I'm currently working on a website in PHP, and I'm wondering what the best practices/methods are to reduce the time requests take. I've build the site in a modular way, so a page would consist of a number of modules, and each of these would need to request information.

For example, I have a cart module, that (if a cart is set) will fetch the cart with the id (stored in a session variable) from the database and return its contents. I have another module that lists categories and this needs to fetch the categories from the database.

My system is built with models, and each model might also make a request, for example a category model will make a request to get products in that category.

For those interested, im running the application on Windows Server 2003 with IIS at the moment, but i am hoping to change to linux in the near future. I know this is a broad subject, im just curious about what to look out for and tool to use to help with the load., the answers so far have been very helpful.

+2  A: 

Your high-level approach sounds reasonable, although it would be helpful to weigh such an approach against your actual code, data, and environment. That said:

A quick and easy way to make your code run even faster is to use a tool such as eAccelerator which will cache compiled PHP scripts. That way when a second request comes in the script does not have to be compiled a second time, which improves performance.

If you are developing a site with a large amount of users, you might consider caching data from the database, using a tool such as memcached.

Justin Ethier
Thanks for the info, ill take a look at eAccellerator, have you had any experience with this? As for users, yes this website would be accomodating a large amount of users (eventually) so ill check out memcached, ive also heard about storing the database in RAM.
cast01
Yes, I am using eAccelerator in my app and it has worked out well for us.
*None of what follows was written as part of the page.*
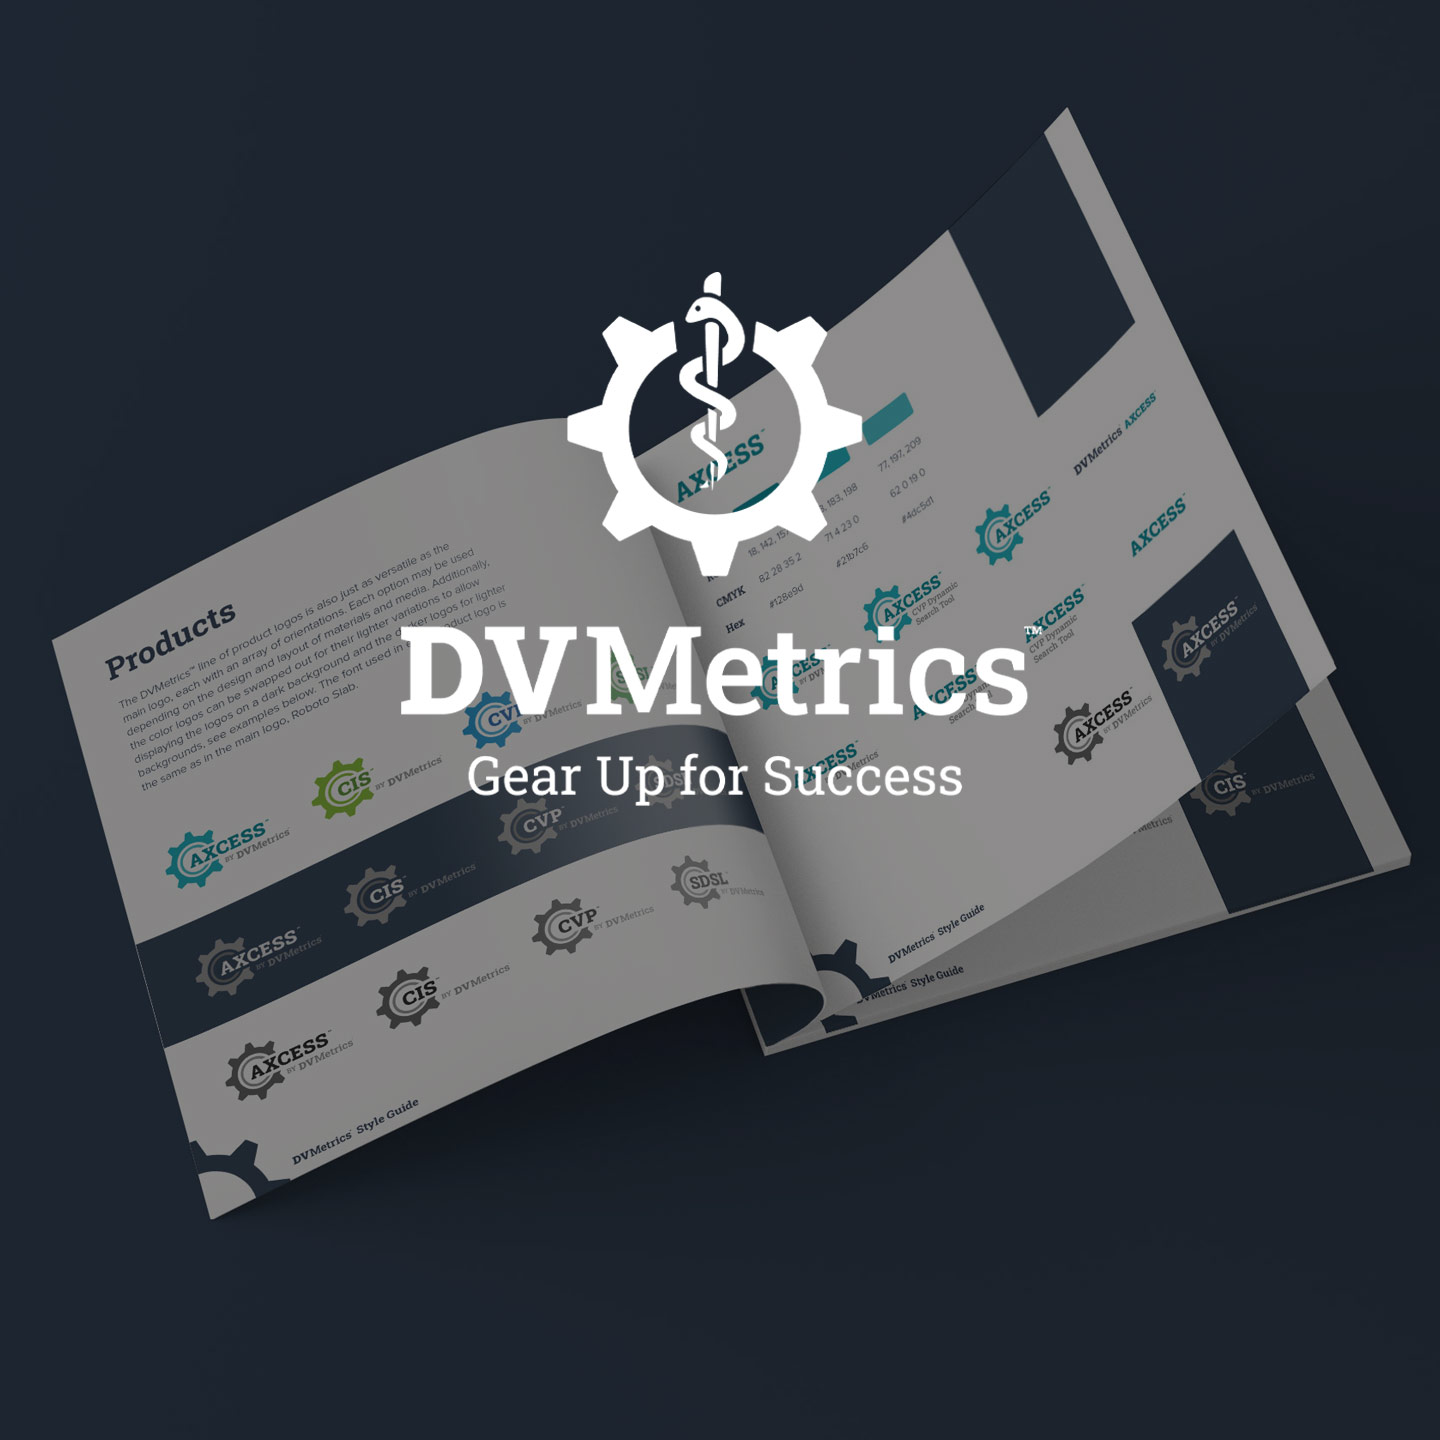 DV Metrics

Unfortunately I do not have any solid metrics for you, but it is essentially transparent to your app, so you can easily test it out if you wish.
Justin Ethier
Did you mean "running your code in your environment and data" instead of "seeing the code"?
Col. Shrapnel
+3  A: 

The only practice/method to reduce the time requests take is called profiling.
First you determine the "bottleneck" - the most slow part of your application
Then speed up this very part of code.

Only that way.

Doing things "just in case" can make things worse.

The "Net" page in the Firebug console is good place to start.

Col. Shrapnel
A: 

Maybe you are looking for tips like these, you can google for this. An example here.
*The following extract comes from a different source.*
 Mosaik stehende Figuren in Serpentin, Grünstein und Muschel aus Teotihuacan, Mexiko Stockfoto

  • require_once() is expensive
  • Use echo’s multiple parameters instead of string concatenation.
  • See if you can use strncasecmp, strpbrk and stripos instead of regex
  • Error suppression with @ is very slow.
  • $row[’id’] is 7 times faster than $row[id]

This is just general good practice but if your code is running slow - you need to profile your app and find out which areas are slow and address these accordingly.

Abs
"Use echo’s multiple parameters instead of string concatenation." Maybe I'm misunderstanding the tip, but it's always been my understanding that multiple calls to `echo` is more expensive than `.=`
dclowd9901
Congrats! You win "most stupid optimization recommendations" badge :)
Col. Shrapnel
Oh no, not this link! Am I allowed to use a word "bullshit" here on SO?
Col. Shrapnel
@Col - hilarious. Now why don't you give reasons why...bullshit isn't one of them.
Abs
All these "advises" not from the real world. Most of them just stupid. In a real application you can't even measure the difference between echo and print for example. Try to learn profiling and and real world tests, such as apache benchmark. Try to learn yourself instead of copy-pasting bunch of nonsense.
Col. Shrapnel
@dclowd9901 No use echo like this echo 'hello', 'me', $var; rather than echo 'hello'.'me'.$var;.
Abs
@Col - Again your statements are mostly insults. Your only problem with my answer is because the improvements are marginal? You will notice I started my question with "maybe you are looking for tips like these" and I ended with the advice of profiling. Read my question fully before you scoff at silly things.
Abs
Not marginal but imaginable. If you think it's marginal - why did you post this ridiculous link here?
Col. Shrapnel
take your own app. use apache benchmark utility to measure it's response time. Do it many times with high concurrency level. Then change all echos to prints and params to concats. Then run tests again. Then see if you can distinguish anything.
Col. Shrapnel
You'll notice that I haven't compared echo or print in my question. If you have a problem with that article, talk to the guy that wrote the post not me. You can question me about those that I have highlighted though...What do you have to say about using require_once or include especially without an absolute path?
Abs
everything the same. you guys have no clue. You never think of PHP itself, of web-server, of OS. All these programs do millions file lookups! While process single HTTP request. Does it make anything slow? Whole directory tree surely cached, and and file lookup take no time. You're talking of profiling. Did you profile your code in real at least once? So, did you notice any significance of include? Include operation itself, not inside code execution? Of course not. Take my advice mate. Do profile your code once or twice. You'll see the real world.
Col. Shrapnel
+1  A: 

require_once() is expensive

Use echo’s multiple parameters instead of string concatenation.

See if you can use strncasecmp, strpbrk and stripos instead of regex

Error suppression with @ is very slow.

$row[’id’] is 7 times faster than $row[id]

All these things are micro-optimization. It's not even worth looking at these until you've already done all the things that actually matter, like caching and reducing the number of unnecessary database queries. I would also recommend downloading Firebug and using the Page Speed tool, it can minify your CSS and optimize your images for you. PHP syntax is rarely large enough to worry about.

Edit: Although using @ is generally bad practice anyway. I've also never found the need to use require_once, __autoload seems to be much easier.

Lotus Notes
Same for $row['id']. It's just syntax issue, not "optimization".
Col. Shrapnel
@Bryonh - you will notice the question asked is ambiguous - we don't even know why the app/site is slow. I gave general suggestions. Btw, I think your response is better suited as a comment to my question rather than an answer to the question.